§ **Aim of the exercise**: Only the text should come through, so restate the listing exactly and drop its images.

§ **Raw data**:
───

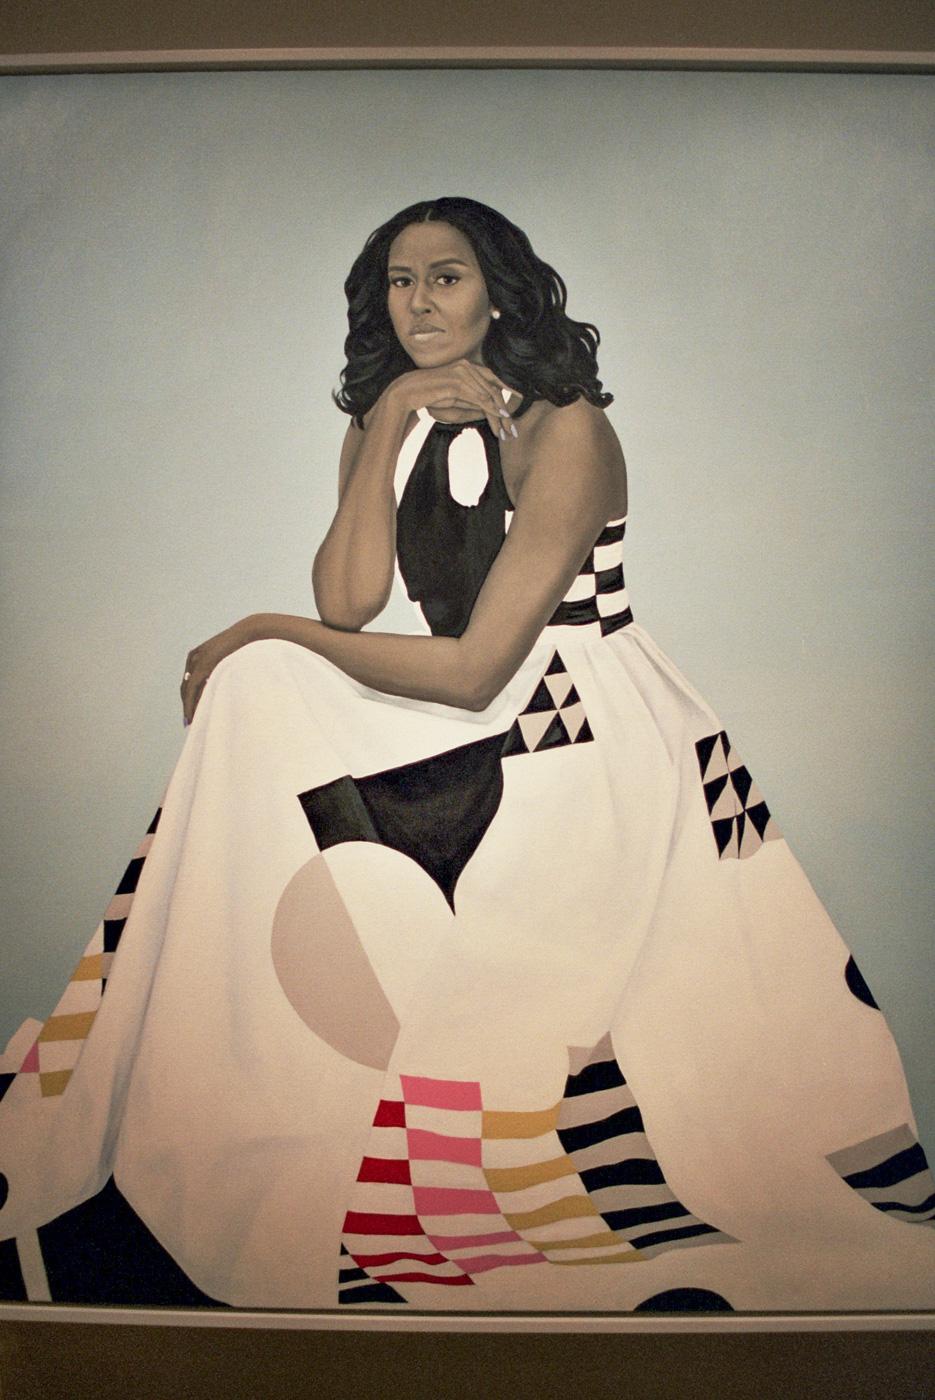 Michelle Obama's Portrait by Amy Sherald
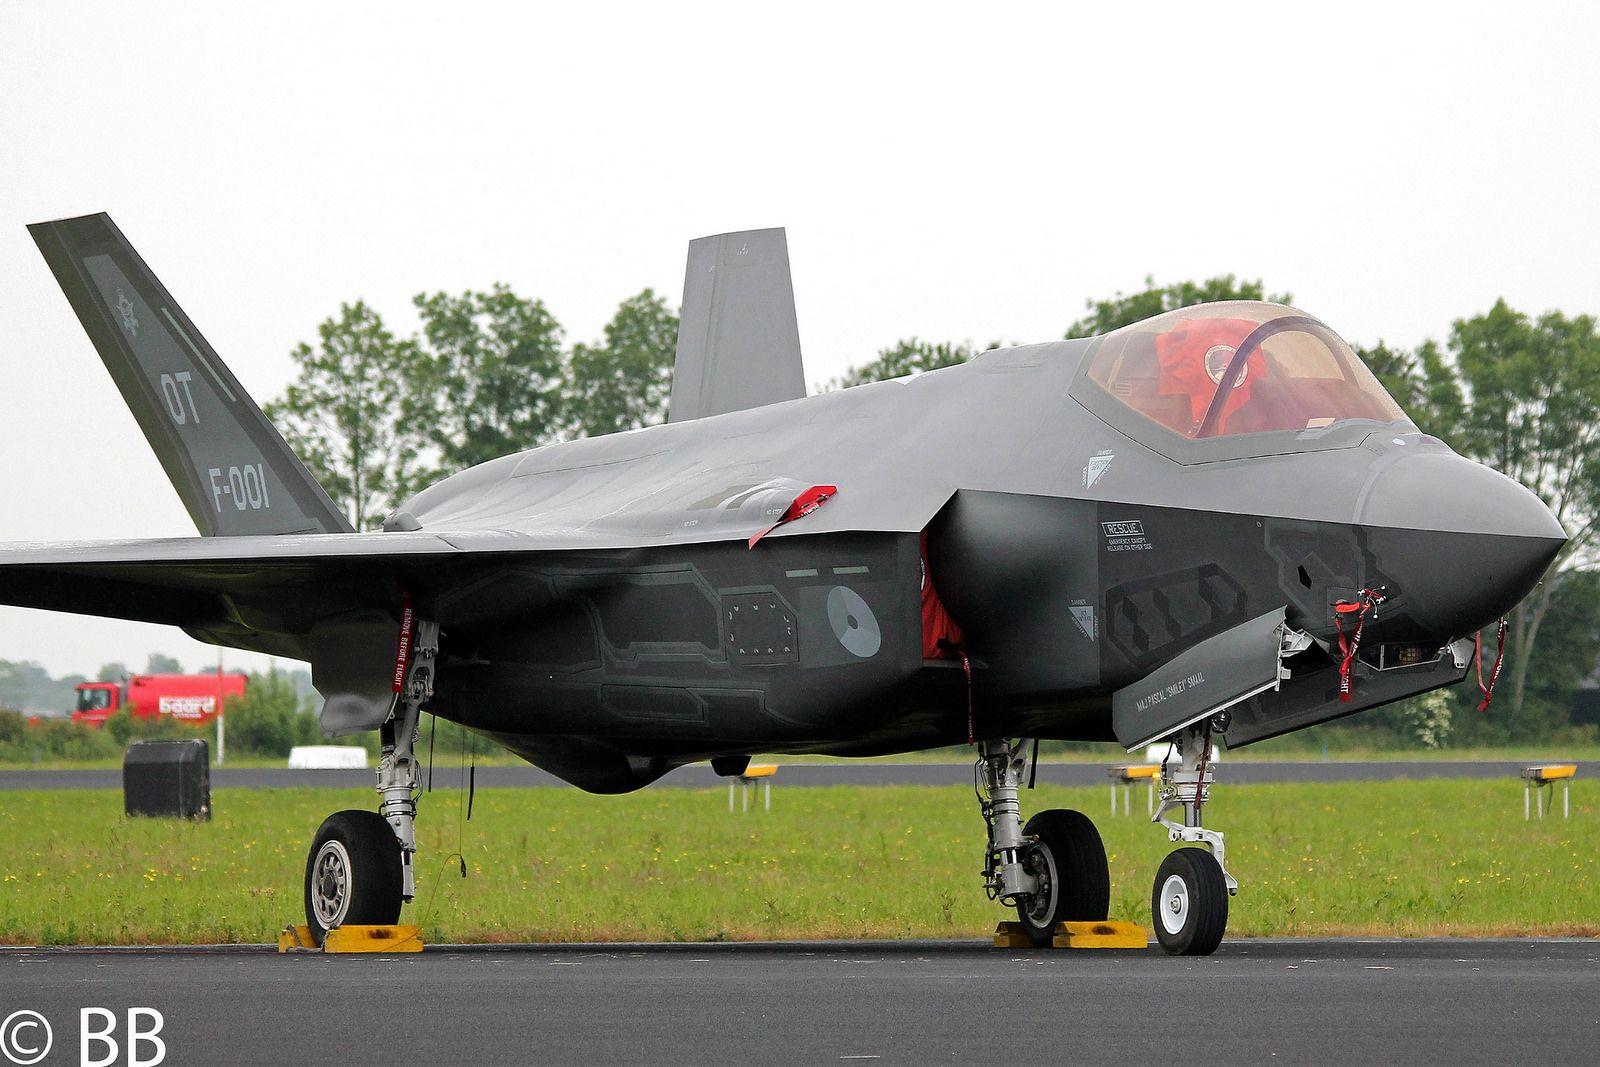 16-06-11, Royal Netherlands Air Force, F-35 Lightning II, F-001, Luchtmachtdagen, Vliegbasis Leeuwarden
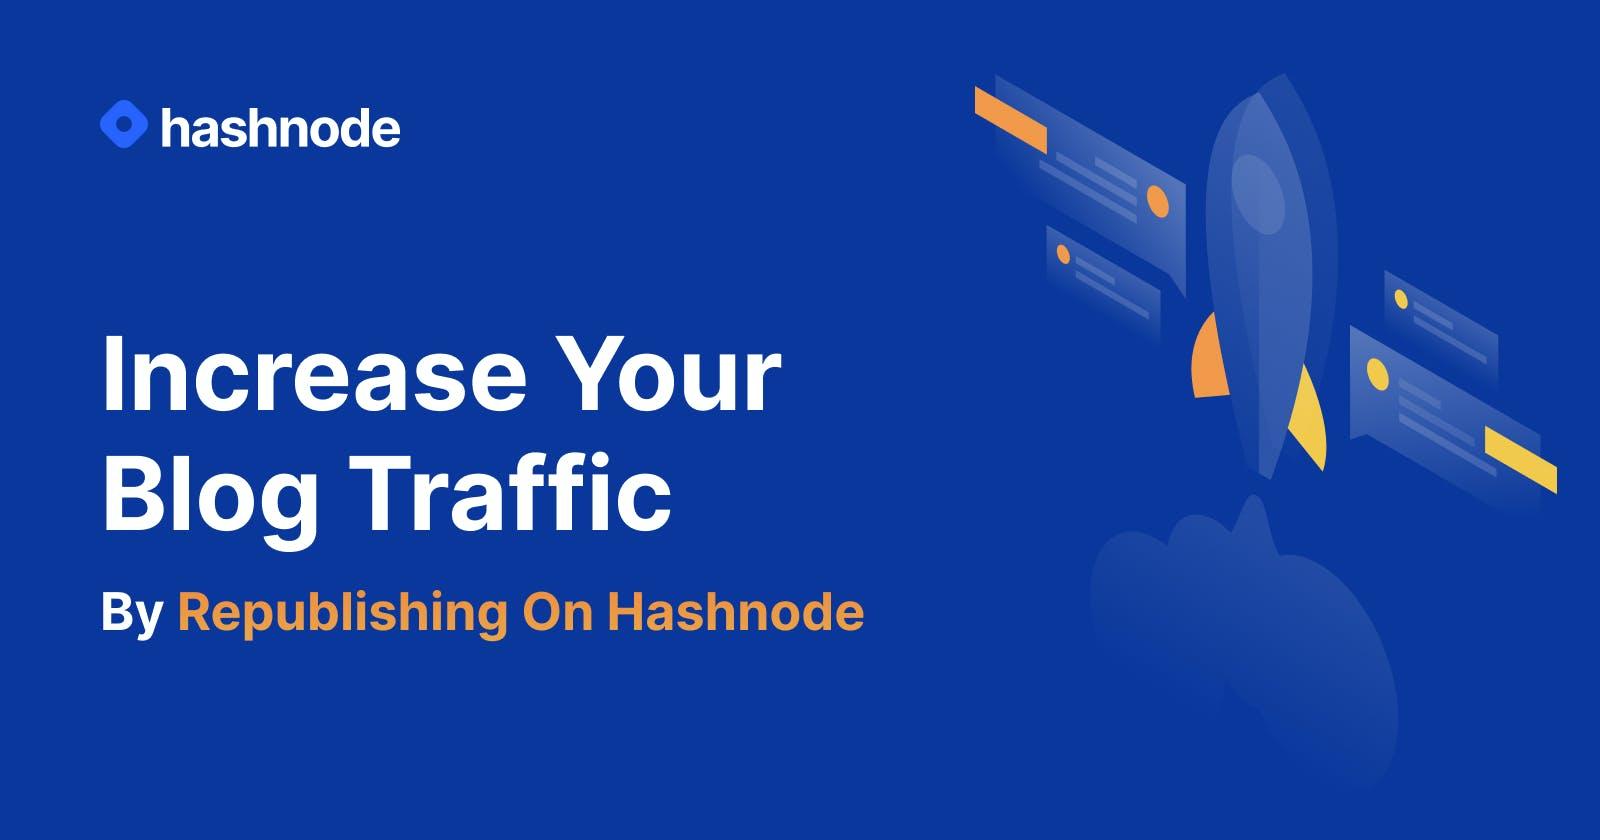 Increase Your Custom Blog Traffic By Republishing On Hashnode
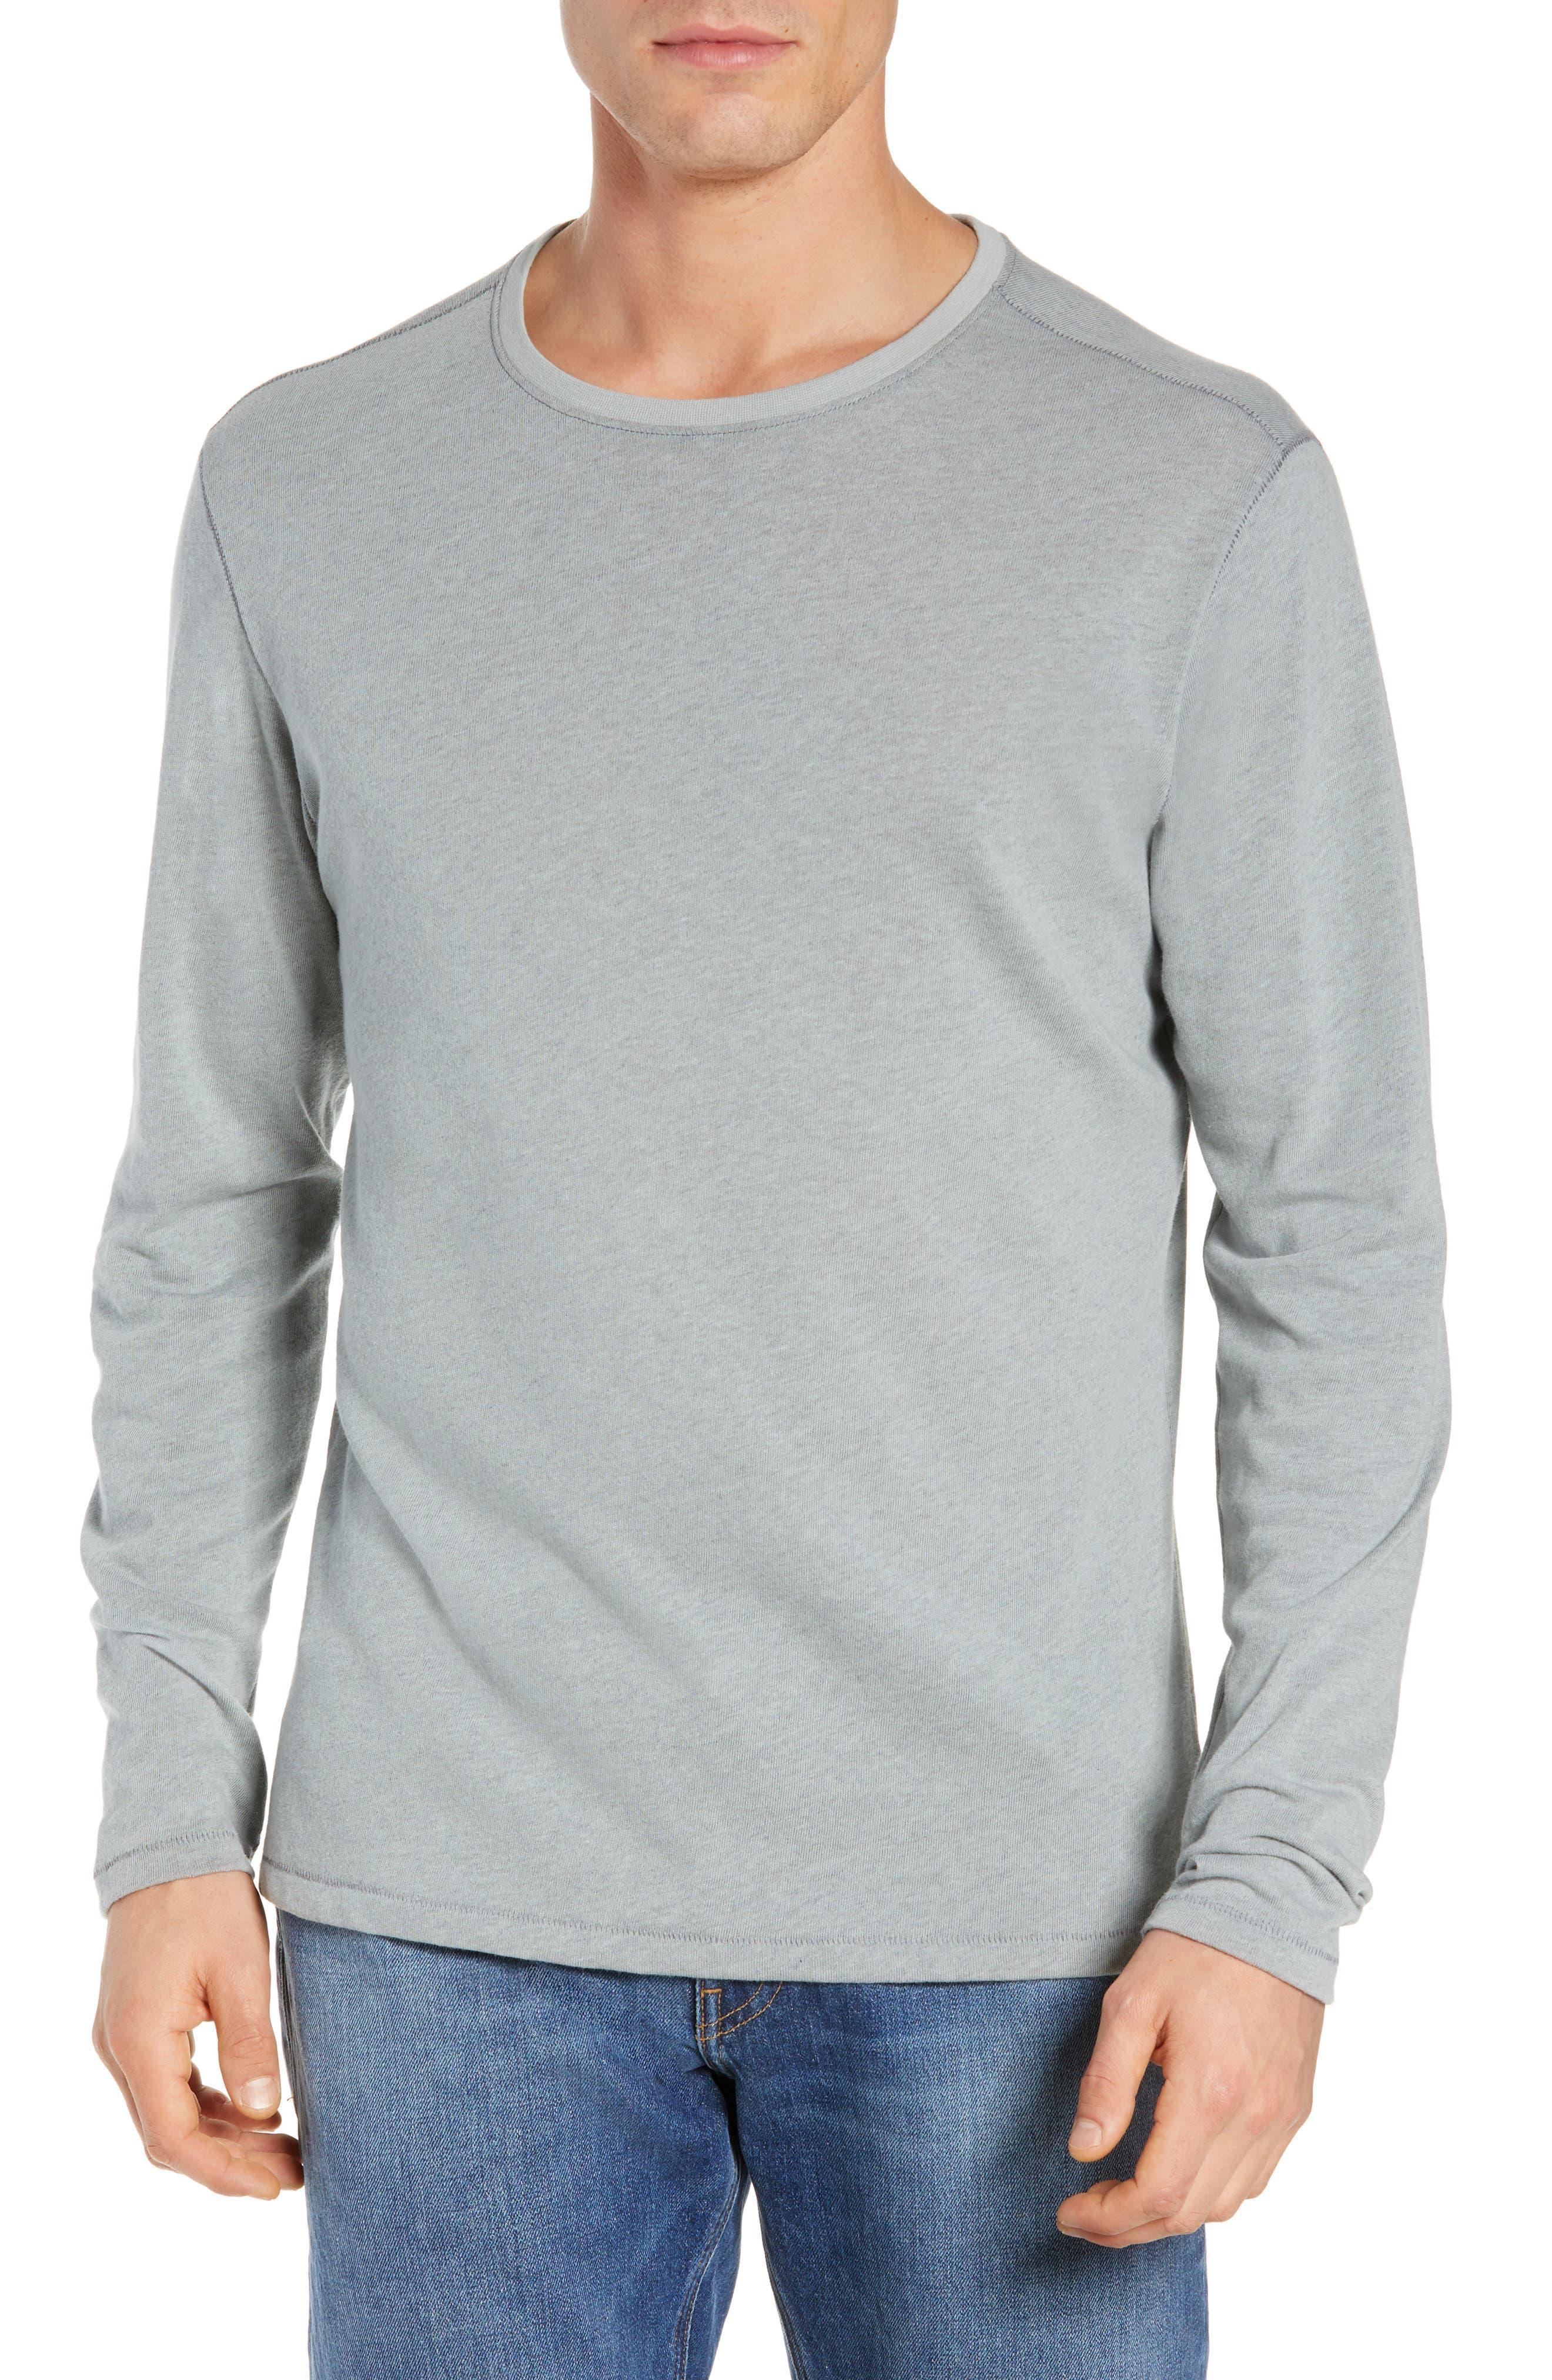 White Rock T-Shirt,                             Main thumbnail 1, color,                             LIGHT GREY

───

§ **The answer**:
 Michelle Obama's Portrait by Amy Sherald
 16-06-11, Royal Netherlands Air Force, F-35 Lightning II, F-001, Luchtmachtdagen, Vliegbasis Leeuwarden
 Increase Your Custom Blog Traffic By Republishing On Hashnode
 White Rock T-Shirt,                             Main thumbnail 1, color,                             LIGHT GREY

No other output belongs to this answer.